On-again, off-again New Jersey race back on again
F1's on-again, off-again New Jersey race appears back on again.
Bernie Ecclestone said in August a 2014 street race amid the Manhattan skyline is "not on the cards", and indeed the event was not listed on the draft calendar that recently appeared in the paddock.
But a race spokesman hit back, insisting preparations are "on track", and then F1 chief executive agreed: "If they comply with the contract, the race will take place."
Race promoter Leo Hindery jr on Tuesday said the issue is the simple matter of a fee that is not payable to the US sanctioning body until this week.
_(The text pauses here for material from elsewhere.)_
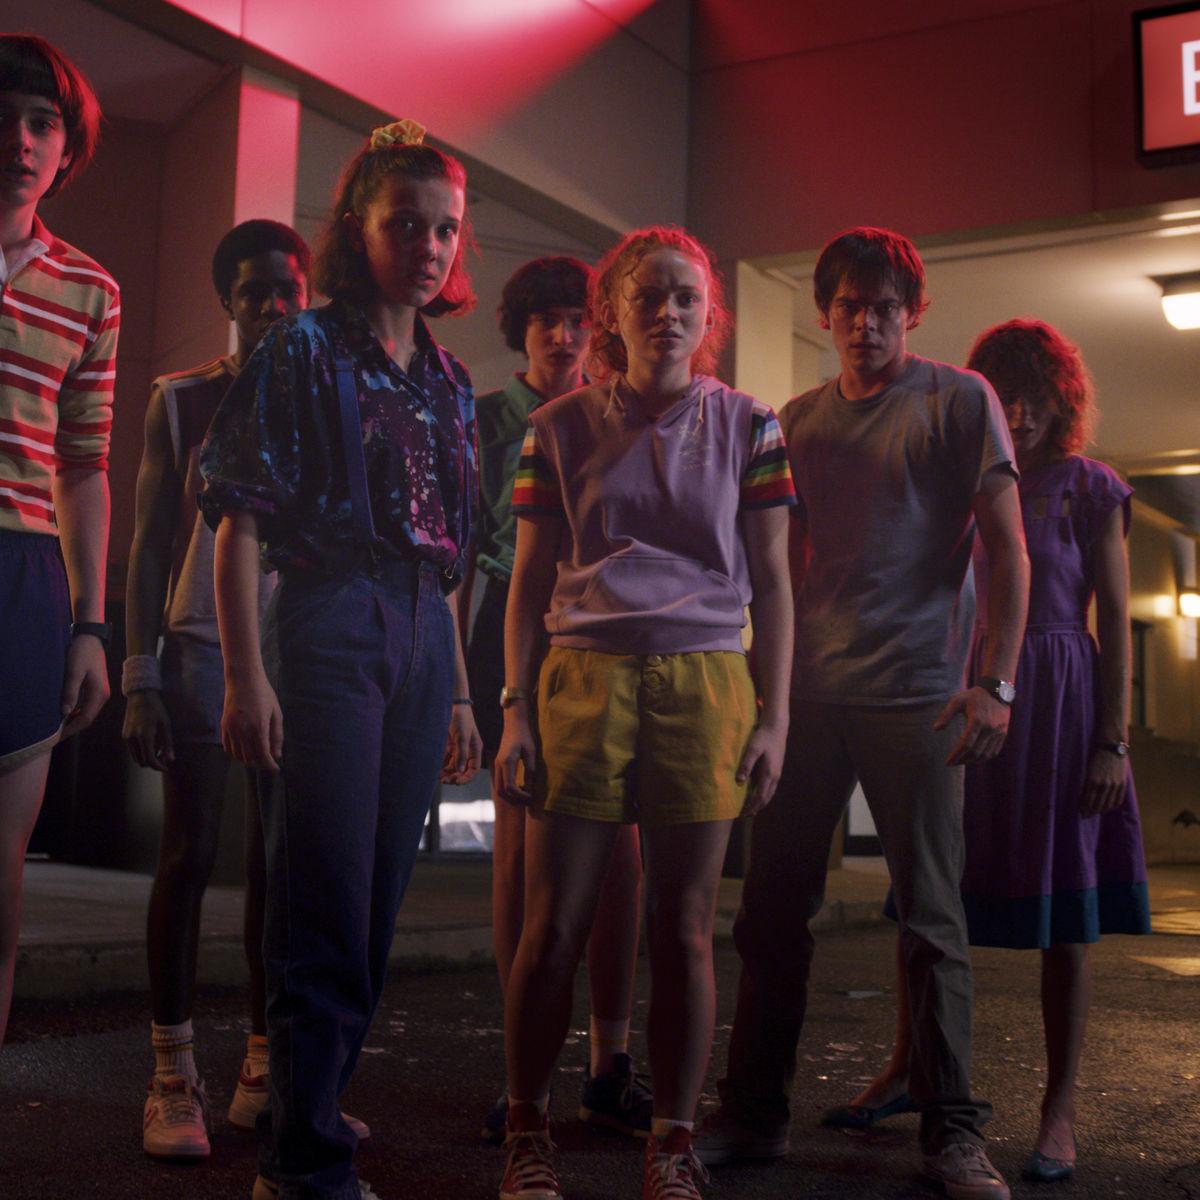 Stranger Things 3 group shot
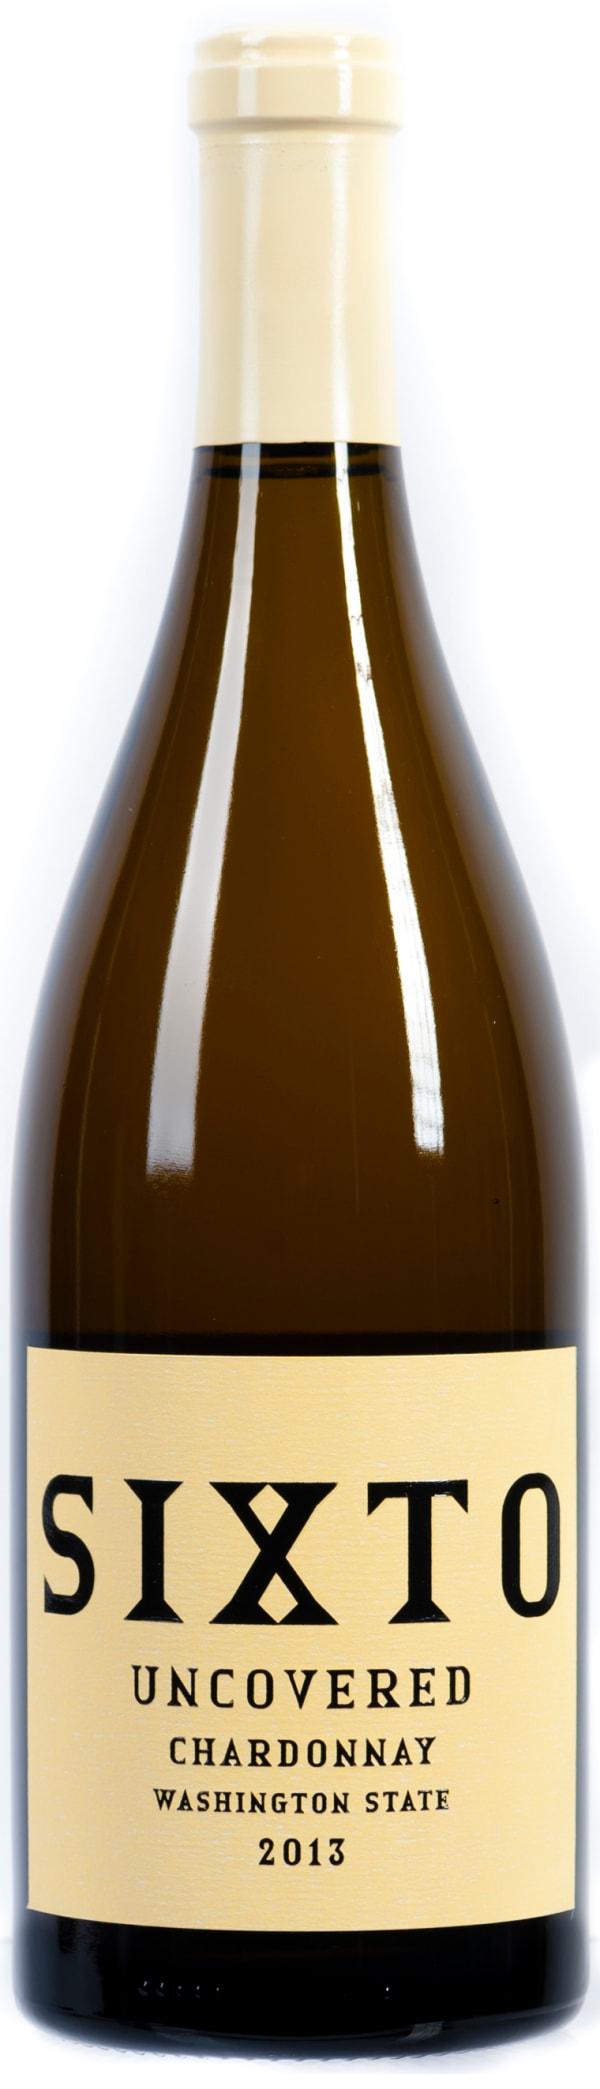 Sixto Uncovered Chardonnay 2015

It means New Jersey simply missed the cut for the draft calendar.
"We never had any expectation of being on a preliminary schedule," Hindery is quoted by sportinglife.com.
"Bernie told us if we stayed consistent with the rules and applications then he would expect there to be a New Jersey race," he added.
If so, the race would be added to the official FIA calendar, to be ratified and released by the sport's governing body at the World Council meeting in Serbia later this month.
Hindery acknowledged however that the New Jersey project has been "the toughest challenge of my career".
"Were it not for some great partners and some folks in the sport who want us to succeed then it would have been abandoned," he admitted.